Rodrigo Nino, CEO of Prodigy Network, the real estate crowdfunding platform that is gut-renovating the building with partners, said it’s:
He added that until now,
everything has been about promises.
Bloomberg notes that real estate crowdfunding–still a young movement–has fought to establish its credentials in a market where institutional capital abounds, particularly in places as attractive as New York. For perspective, Bloomberg has the numbers:
This year, crowdfunding for commercial real estate will more than double to $2.57 billion, the research firm Massolution estimated in March. That’s a tiny fraction of nationwide sales volume, which totaled $255.1 billion in the first half, data from Real Capital Analytics Inc. show.
In other words, real estate crowdfunding may still have a ways to go before it changes the industry as Kickstarter did for creative endeavors. In part, this is because real estate crowdfunding is more complicated. Investors are usually required to be accredited, proving that they can reasonably take risks with their capital, often by showing their tax returns.
At AKA UN, a block and a half west of the General Assembly Building, Prodigy is marketing 95 one-bedroom condos, priced from $1.2 million to $1.5 million. The units — ranging from 562 to 662 square feet (52 to 62 square meters), all with kitchens and most with a balcony — will be rented as extended-stay hotel suites until they find buyers.
The crowdfunding campaign drew 116 backers, pledging at least $20,000 each. They can expect a return on their investment of 19 percent to 23 percent, mostly from sales of the units and some from hotel fees, according to Prodigy. About 90 percent of the crowdsourced money came from outside the U.S., said Brian Newman, the company’s business-development chief.

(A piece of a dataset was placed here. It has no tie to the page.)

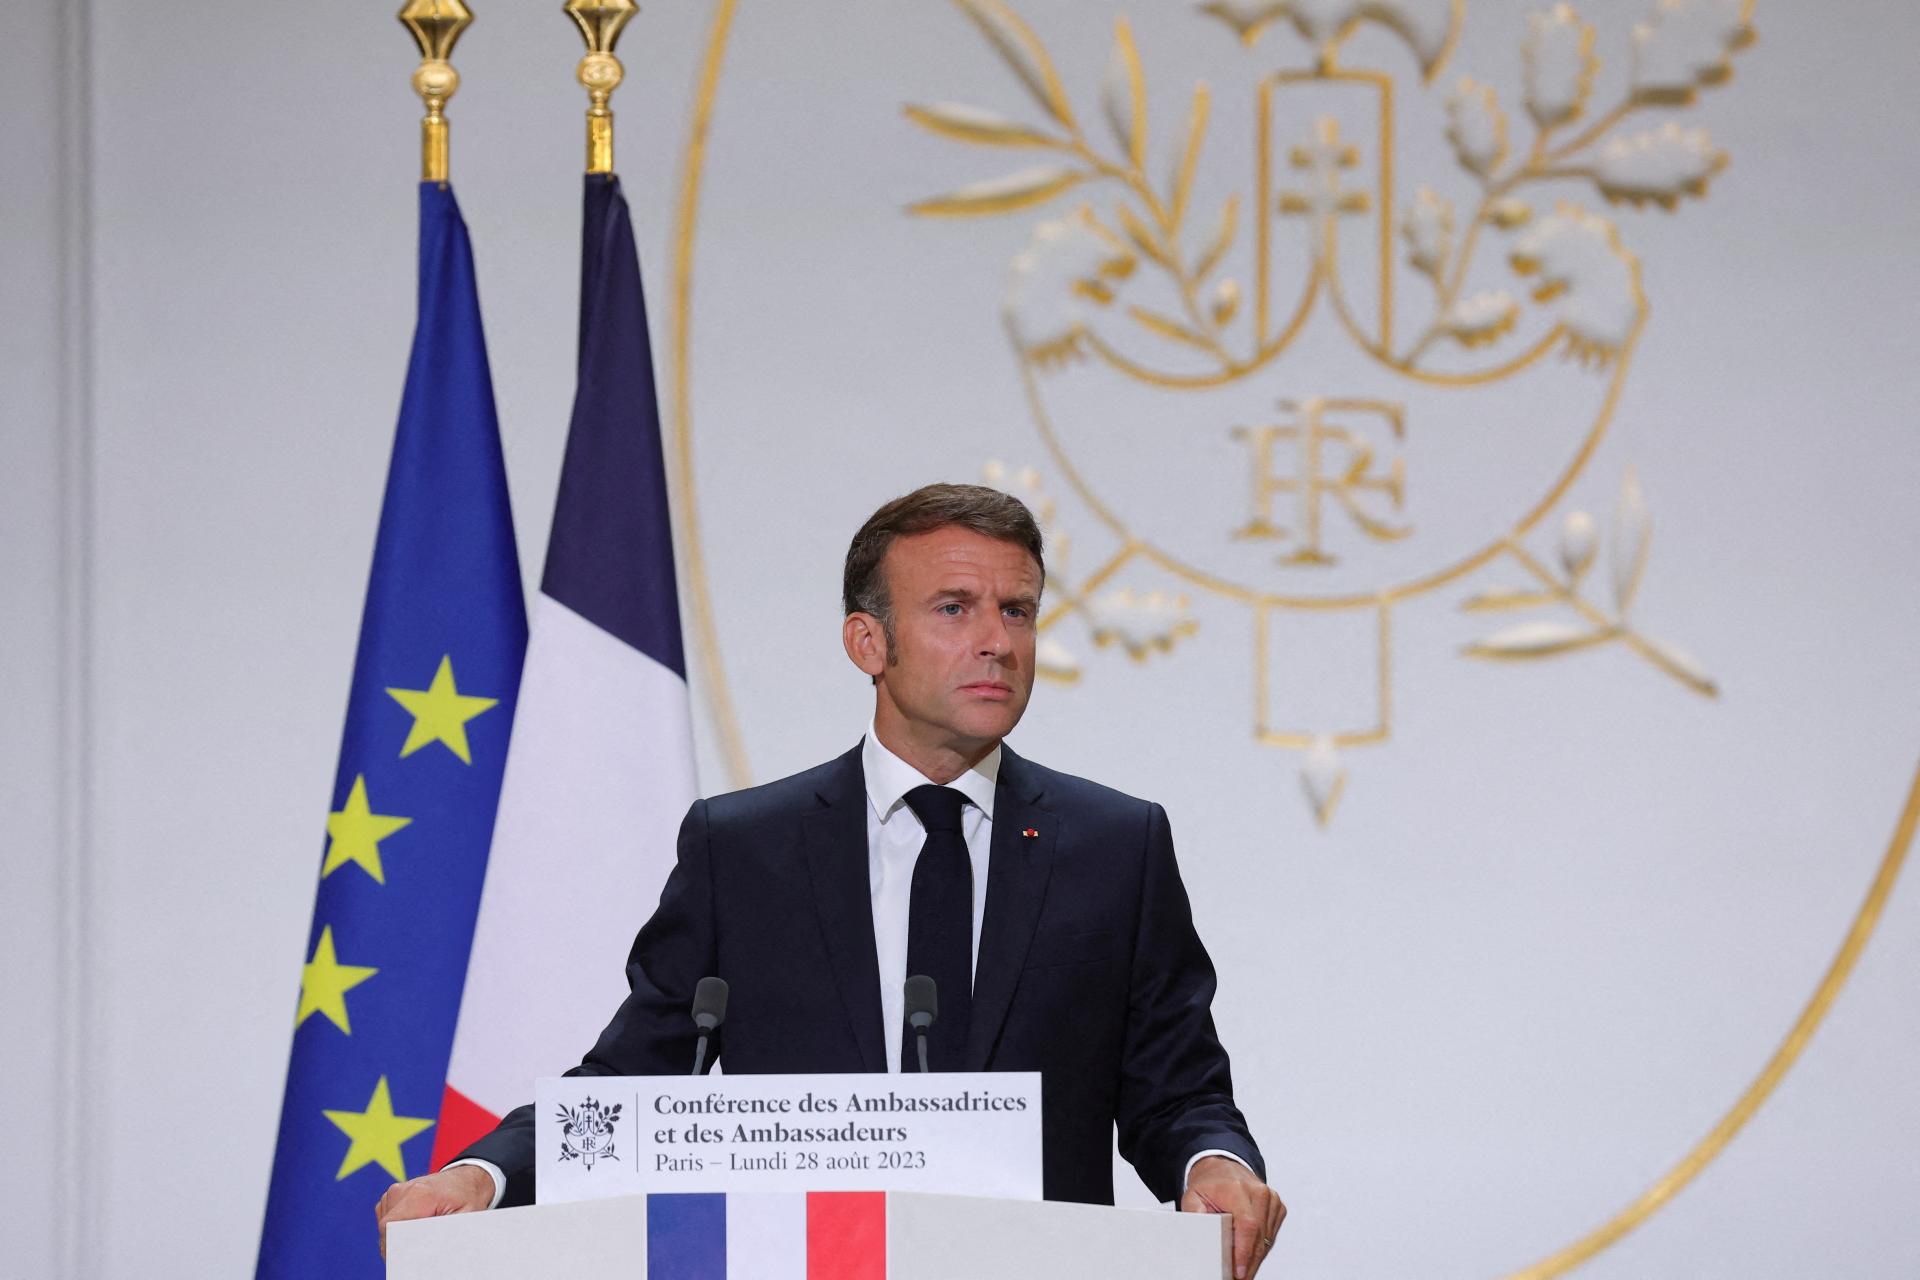 La France continue de soutenir l’Irak dans la lutte contre l’État islamique, a déclaré Macron après la mort de trois soldats

One of the advantages that Nino brings to Prodigy is the support of a core of Latin American investors. He began his first crowdfunding campaign in Columbia, his country of birth, in 2010, to construct BD Bacata, the tallest tower in Bogota.
Ben Miller, co-founder of Fundrise.com, notes that Prodigy’s campaign in Manhattan “shows the real estate industry that crowdfunding isn’t just a theoretical model.” Fundraise.com, according to Bloomberg, sold interests in bonds backing 3 World Trade Center in Manhattan for amounts starting at $5,000. Miller said that their effort raised $5 million, though some of the investment banks that originated the bonds were resistant.
So who would live in the condos (all furnished) at AKA United Nations? Buyers across the globe who visit occasionally, and could rent out their investments the rest of the time, Newman said. Note: After the units are sold, crowdfunding investors would no longer receive income from the hotel fees. Also, New York isn’t known for being inexpensive–and prices for these condos adhere to this standard, costing more than comparable housing in the area and requiring higher monthly charges.
Prodigy currently has three more crowdfunding projects in New York. The newest opportunity is The Assemblage/25th Street, “an existing 12-story building located at 114 East 25th Street, at the heart of NoMad in Manhattan.” The minimum investment is $20,000, with an estimated holding period of 3-4 years and a projected IRR of 10-12 percent.
Commenting on he benefits of crowdfunding, Nino said,
There’s a ton of people making too much money and a growing number of people not making enough. …In a crowd economy, you get individual growth, and the crowd gets a positive impact as well.